I am uncertain whether or not I should add in some description to connect the "free-floating" bits.

Here is an example from my own writing to illustrate what I'm talking about. The original, without description:

So how did this animal suicide thing start? Ironically, it began the night I decided to die. But why? I had good health, friends and family who cared about me, plus I'd just been admitted into university.

The only thing we know is that it's nighttime and the main character is in her apartment, searching stuff on the Internet.

I felt this was not enough to provide context and meaning for the reader, so I added some description:

So how did this animal suicide thing start? Ironically, it began the night I decided to die. That's right: I locked myself in my apartment, closed the blinds, and, veiled in the darkness, planned how to end with my life. But why? I had good health, friends and family who cared about me, plus I'd just been admitted into university.

Is doing this justifiable? Did I improve the passage with the extra description or just added unnecessary clutter?

  • I'm not particularly a fan of either, but at least the second version makes it clear the why is asking about the suicide attempt, rather than how the suicide attempt and the interest in animal suicide were related.
    – Dan Bron
    Aug 8, 2015 at 16:24
  • @Dan Bron Thanks for the reply. I'm curious. Why aren't you fan of either?
    – wyc
    Aug 8, 2015 at 16:34
  • It's easier to say why one is a fan of something rather than why one isn't a fan of something, no? But if I have to try to put a finger on it: you're giving me a bunch of information I didn't ask for (in both passages). You're assuming I care, but I don't (yet). You're violating the show, don't tell advice. Both passages feel to me like that unhappy time when you're in an airplane next to a guy who's insistent o having a conversation with you, when you have no interest in talking.
    – Dan Bron
    Aug 8, 2015 at 16:37
  • 1
    Hmm, maybe a more concrete way to put it: if you're going to write a story in the first person ("I walked to the store"...), then the internal dialog of the character should reflect the thoughts that character would actually have. Joe wouldn't think about his suicide and then ask himself why he did so: he already knows. He's not going to recount the story, he already knows it. Some external stimulus may cause him to recall some poignant detail, casting him back in time, but he's not going to start searching for animal suicides and then tell himself the story of his own suicide.
    – Dan Bron
    Aug 8, 2015 at 16:46
  • @what Oh, sorry, I didn't notice. What can I do? Maybe just remove my example?
    – wyc
    Aug 9, 2015 at 6:18

2 Answers 2


The first thing you should ask yourself is whether or not the additional description helps to further the story. If it helps the reader get a better sense of the setting or mood of the scene, then you should consider adding it. However, if you are only adding it to increase the amount of content, then definitely don't do it.

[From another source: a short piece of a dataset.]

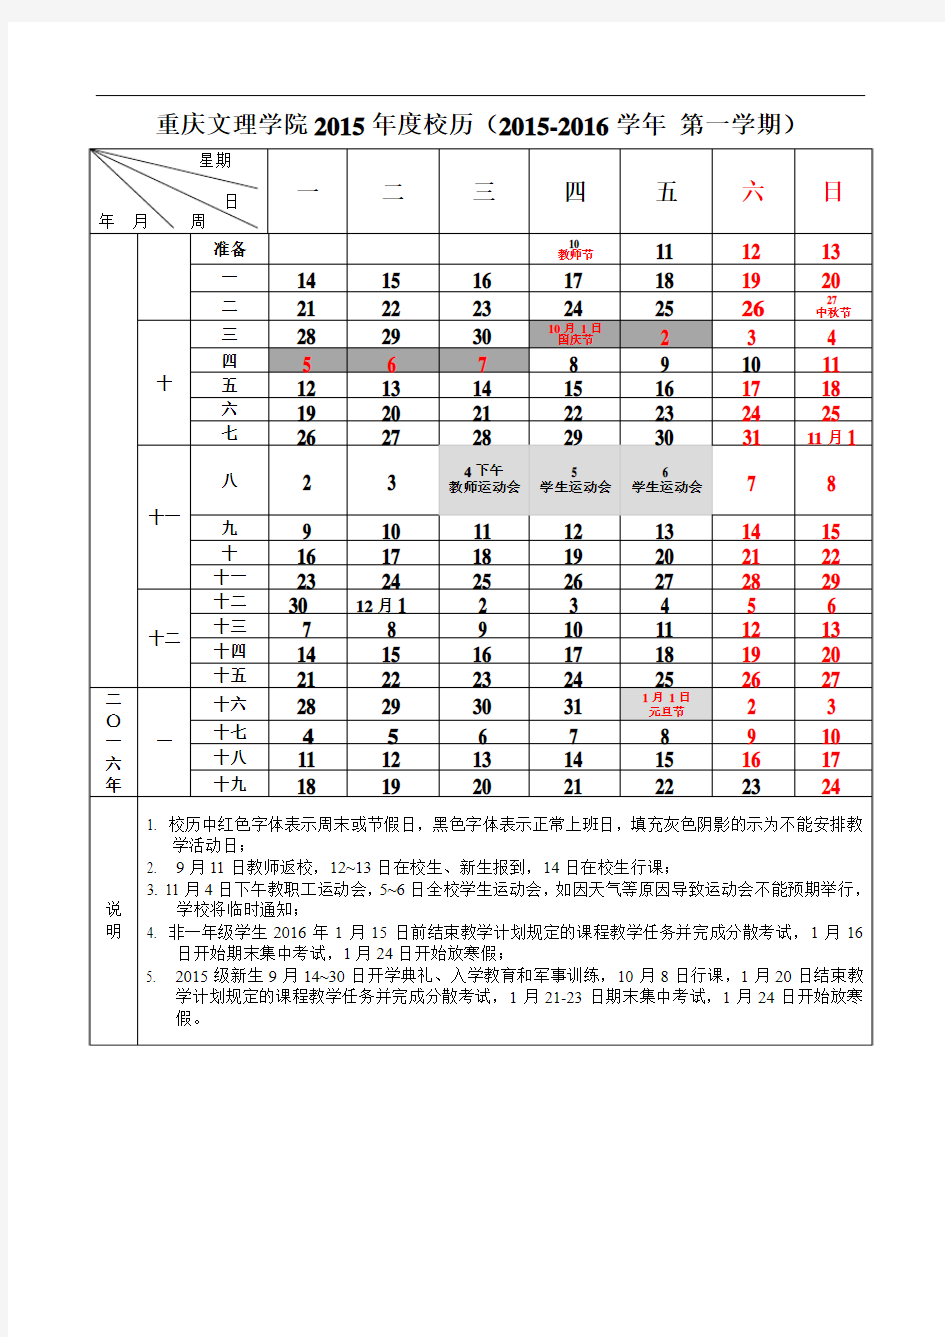 重庆文理学院2015-2016学年第一学期校历

Your second example does do a slightly better job of establishing the narrator's mood, as well as the general setting. I'm not sure I'd go with those exact words, but I think that this scene would benefit from the information. It does a better job of showing how the narrator is feeling than just telling.


It's a balance. When I read the first version, it just barely verges on being "too sensational", but it works. The second version offers an improvement of sorts, but phrases like "That's right" which acknowledge how sensational/confusingly disparate the events are, instead of just letting the reader realize that for herself, are deleterious.

I.e.: know how disparate is too disparate, and don't write anything that comments on how disparate it is. Know your reader and her limits—to give you an idea, the first version you posted seems fine—and then trust her to follow you through.

Have you seen Tarantino's movies? Resivoir Dogs and Pulp Fiction are both fairly broken-up—they depend on it—but it works. Knowing that limit is probably something you get from reading your story and having others read it.

Minor editing suggestion: "plus" results in a kind of pseudo run-on. Using "and" would be better, in my opinion.